_TASK REQUIREMENTS_
Your answer must consist of exactly the lines below, starting with the line with "Mercedes-Benz S-Klasse 350" and going on through the line with "bohemian_wedding_lawshall_church_garden127", and nothing else.

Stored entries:
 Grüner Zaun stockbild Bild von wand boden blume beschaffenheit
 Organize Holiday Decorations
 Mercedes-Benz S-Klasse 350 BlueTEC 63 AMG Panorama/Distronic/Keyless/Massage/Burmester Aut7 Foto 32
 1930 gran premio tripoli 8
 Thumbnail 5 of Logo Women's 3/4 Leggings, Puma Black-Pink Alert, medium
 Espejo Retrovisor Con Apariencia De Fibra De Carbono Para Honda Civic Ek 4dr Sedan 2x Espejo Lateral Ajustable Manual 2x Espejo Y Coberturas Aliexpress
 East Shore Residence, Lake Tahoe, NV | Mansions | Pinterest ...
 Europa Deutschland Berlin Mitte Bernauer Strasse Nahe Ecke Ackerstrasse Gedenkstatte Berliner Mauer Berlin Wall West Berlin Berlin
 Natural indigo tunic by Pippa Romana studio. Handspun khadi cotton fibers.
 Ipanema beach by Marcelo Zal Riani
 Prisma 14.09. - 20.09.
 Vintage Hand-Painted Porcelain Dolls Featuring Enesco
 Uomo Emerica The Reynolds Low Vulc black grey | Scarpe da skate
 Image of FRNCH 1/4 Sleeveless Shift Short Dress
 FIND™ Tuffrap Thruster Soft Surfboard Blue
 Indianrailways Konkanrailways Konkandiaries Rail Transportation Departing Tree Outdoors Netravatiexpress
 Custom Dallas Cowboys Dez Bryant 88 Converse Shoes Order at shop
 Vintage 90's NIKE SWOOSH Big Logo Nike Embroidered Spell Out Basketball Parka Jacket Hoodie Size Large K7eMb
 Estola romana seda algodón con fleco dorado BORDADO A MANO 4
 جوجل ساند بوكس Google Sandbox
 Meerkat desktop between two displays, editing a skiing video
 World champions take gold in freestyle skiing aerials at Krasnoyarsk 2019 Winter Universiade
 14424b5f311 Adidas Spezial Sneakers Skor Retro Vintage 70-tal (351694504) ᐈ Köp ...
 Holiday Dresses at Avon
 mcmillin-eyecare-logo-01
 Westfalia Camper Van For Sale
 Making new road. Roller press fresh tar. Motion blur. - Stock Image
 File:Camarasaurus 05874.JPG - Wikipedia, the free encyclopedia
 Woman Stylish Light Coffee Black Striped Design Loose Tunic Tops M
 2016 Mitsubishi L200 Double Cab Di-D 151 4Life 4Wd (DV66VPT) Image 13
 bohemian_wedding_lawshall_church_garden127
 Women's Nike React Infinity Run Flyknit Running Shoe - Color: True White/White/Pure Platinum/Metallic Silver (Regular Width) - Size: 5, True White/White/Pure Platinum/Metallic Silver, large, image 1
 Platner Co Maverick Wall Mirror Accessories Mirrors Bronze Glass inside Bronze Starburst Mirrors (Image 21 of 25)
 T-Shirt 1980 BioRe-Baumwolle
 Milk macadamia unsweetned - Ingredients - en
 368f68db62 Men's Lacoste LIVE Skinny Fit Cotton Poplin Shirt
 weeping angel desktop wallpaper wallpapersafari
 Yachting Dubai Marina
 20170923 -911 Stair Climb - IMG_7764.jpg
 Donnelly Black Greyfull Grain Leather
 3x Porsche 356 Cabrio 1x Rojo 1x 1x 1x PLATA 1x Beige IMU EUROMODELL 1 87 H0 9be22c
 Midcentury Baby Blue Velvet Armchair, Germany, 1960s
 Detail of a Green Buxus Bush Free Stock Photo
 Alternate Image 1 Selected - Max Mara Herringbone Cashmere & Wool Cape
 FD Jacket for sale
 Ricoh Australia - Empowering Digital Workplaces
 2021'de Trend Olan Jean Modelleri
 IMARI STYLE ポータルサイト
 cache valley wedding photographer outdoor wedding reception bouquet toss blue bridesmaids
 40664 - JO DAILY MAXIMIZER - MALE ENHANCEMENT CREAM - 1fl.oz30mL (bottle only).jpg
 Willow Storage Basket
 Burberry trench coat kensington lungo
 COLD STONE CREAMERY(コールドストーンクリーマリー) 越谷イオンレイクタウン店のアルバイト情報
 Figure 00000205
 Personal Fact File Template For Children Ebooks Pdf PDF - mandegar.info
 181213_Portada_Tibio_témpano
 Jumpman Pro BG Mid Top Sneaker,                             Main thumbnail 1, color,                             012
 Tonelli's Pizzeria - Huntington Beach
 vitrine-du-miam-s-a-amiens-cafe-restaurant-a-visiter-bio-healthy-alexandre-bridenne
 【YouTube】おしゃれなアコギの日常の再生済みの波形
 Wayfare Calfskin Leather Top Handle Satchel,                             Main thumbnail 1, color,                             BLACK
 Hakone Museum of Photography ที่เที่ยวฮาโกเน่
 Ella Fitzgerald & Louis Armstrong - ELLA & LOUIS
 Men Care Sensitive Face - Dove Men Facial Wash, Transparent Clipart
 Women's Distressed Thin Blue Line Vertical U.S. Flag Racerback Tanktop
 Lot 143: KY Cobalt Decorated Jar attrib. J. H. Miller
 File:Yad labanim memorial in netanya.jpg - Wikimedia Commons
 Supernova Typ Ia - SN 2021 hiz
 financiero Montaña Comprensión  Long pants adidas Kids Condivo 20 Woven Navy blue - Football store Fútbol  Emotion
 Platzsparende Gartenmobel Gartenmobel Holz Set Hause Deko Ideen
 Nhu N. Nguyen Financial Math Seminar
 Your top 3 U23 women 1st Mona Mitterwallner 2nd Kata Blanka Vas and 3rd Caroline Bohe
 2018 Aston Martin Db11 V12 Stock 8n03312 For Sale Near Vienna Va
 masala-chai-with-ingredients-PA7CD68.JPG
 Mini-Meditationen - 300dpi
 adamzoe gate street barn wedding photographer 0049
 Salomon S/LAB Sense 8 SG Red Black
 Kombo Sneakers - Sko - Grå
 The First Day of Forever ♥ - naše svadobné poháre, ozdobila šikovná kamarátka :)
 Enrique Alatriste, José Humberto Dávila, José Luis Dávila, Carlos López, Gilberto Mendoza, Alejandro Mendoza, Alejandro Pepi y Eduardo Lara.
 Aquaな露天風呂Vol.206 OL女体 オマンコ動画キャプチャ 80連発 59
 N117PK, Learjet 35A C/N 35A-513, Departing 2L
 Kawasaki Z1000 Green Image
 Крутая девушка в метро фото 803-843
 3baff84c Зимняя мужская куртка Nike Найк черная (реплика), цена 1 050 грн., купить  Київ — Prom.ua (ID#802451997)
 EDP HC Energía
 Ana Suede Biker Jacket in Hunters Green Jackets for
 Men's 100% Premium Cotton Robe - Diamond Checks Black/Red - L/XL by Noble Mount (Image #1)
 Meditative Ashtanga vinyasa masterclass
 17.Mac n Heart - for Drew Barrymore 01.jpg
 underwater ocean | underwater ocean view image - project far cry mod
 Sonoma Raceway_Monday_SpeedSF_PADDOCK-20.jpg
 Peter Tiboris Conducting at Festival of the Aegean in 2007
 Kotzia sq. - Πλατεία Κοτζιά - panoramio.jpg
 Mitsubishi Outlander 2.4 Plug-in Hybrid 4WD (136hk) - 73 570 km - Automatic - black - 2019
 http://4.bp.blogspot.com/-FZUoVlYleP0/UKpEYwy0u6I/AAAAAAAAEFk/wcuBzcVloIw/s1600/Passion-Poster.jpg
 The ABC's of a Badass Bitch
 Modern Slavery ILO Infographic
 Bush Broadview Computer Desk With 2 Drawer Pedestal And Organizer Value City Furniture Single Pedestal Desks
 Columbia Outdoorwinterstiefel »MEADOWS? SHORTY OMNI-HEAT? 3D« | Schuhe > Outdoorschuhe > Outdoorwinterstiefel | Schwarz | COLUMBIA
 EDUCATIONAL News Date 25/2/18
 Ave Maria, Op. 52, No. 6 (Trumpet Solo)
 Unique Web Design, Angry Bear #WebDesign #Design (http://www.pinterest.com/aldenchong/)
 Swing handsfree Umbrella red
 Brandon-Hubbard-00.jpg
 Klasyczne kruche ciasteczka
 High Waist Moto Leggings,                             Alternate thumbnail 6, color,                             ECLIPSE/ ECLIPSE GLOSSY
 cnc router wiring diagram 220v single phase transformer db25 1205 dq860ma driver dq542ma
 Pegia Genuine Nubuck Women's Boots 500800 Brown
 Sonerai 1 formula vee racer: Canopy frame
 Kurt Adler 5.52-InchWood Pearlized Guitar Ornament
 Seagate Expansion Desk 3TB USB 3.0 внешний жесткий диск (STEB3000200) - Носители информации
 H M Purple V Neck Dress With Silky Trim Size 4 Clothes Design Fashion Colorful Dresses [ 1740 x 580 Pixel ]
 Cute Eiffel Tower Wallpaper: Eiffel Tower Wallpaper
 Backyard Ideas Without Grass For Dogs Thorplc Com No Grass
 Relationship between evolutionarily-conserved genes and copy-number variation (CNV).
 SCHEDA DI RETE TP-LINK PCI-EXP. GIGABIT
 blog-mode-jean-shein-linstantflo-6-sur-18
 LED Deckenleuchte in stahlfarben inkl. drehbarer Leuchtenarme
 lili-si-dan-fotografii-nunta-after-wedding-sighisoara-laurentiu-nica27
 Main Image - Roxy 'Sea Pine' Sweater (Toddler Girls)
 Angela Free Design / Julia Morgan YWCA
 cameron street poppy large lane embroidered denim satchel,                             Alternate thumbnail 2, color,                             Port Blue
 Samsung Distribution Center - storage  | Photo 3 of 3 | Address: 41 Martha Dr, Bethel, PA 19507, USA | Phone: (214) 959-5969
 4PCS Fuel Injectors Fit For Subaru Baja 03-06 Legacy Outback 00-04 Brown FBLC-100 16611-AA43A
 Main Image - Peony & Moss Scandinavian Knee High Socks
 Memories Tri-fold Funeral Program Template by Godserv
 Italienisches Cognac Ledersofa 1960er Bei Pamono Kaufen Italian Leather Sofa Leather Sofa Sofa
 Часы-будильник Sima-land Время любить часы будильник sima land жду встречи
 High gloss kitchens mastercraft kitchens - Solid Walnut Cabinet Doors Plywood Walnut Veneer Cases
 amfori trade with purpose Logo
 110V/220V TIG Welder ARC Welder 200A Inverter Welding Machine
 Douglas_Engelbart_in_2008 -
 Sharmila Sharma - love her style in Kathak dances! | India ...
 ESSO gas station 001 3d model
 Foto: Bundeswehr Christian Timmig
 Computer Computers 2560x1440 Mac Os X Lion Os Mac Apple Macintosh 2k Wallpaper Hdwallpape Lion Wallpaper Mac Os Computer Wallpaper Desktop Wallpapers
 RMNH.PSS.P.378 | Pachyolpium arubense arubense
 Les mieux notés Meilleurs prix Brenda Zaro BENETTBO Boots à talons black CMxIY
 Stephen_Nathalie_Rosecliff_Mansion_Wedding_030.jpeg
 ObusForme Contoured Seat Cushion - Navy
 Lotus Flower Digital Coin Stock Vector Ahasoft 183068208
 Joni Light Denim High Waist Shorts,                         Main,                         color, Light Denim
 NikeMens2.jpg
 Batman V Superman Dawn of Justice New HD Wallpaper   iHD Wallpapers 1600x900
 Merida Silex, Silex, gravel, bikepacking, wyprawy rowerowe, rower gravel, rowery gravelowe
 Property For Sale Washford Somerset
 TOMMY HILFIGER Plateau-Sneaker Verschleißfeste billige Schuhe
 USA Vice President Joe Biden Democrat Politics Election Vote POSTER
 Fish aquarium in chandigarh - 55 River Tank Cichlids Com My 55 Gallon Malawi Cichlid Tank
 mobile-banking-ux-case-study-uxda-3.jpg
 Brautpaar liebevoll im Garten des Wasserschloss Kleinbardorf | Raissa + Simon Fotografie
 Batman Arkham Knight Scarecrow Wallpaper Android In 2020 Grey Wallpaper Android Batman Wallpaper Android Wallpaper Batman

_TASK RESPONSE_
 Mercedes-Benz S-Klasse 350 BlueTEC 63 AMG Panorama/Distronic/Keyless/Massage/Burmester Aut7 Foto 32
 1930 gran premio tripoli 8
 Thumbnail 5 of Logo Women's 3/4 Leggings, Puma Black-Pink Alert, medium
 Espejo Retrovisor Con Apariencia De Fibra De Carbono Para Honda Civic Ek 4dr Sedan 2x Espejo Lateral Ajustable Manual 2x Espejo Y Coberturas Aliexpress
 East Shore Residence, Lake Tahoe, NV | Mansions | Pinterest ...
 Europa Deutschland Berlin Mitte Bernauer Strasse Nahe Ecke Ackerstrasse Gedenkstatte Berliner Mauer Berlin Wall West Berlin Berlin
 Natural indigo tunic by Pippa Romana studio. Handspun khadi cotton fibers.
 Ipanema beach by Marcelo Zal Riani
 Prisma 14.09. - 20.09.
 Vintage Hand-Painted Porcelain Dolls Featuring Enesco
 Uomo Emerica The Reynolds Low Vulc black grey | Scarpe da skate
 Image of FRNCH 1/4 Sleeveless Shift Short Dress
 FIND™ Tuffrap Thruster Soft Surfboard Blue
 Indianrailways Konkanrailways Konkandiaries Rail Transportation Departing Tree Outdoors Netravatiexpress
 Custom Dallas Cowboys Dez Bryant 88 Converse Shoes Order at shop
 Vintage 90's NIKE SWOOSH Big Logo Nike Embroidered Spell Out Basketball Parka Jacket Hoodie Size Large K7eMb
 Estola romana seda algodón con fleco dorado BORDADO A MANO 4
 جوجل ساند بوكس Google Sandbox
 Meerkat desktop between two displays, editing a skiing video
 World champions take gold in freestyle skiing aerials at Krasnoyarsk 2019 Winter Universiade
 14424b5f311 Adidas Spezial Sneakers Skor Retro Vintage 70-tal (351694504) ᐈ Köp ...
 Holiday Dresses at Avon
 mcmillin-eyecare-logo-01
 Westfalia Camper Van For Sale
 Making new road. Roller press fresh tar. Motion blur. - Stock Image
 File:Camarasaurus 05874.JPG - Wikipedia, the free encyclopedia
 Woman Stylish Light Coffee Black Striped Design Loose Tunic Tops M
 2016 Mitsubishi L200 Double Cab Di-D 151 4Life 4Wd (DV66VPT) Image 13
 bohemian_wedding_lawshall_church_garden127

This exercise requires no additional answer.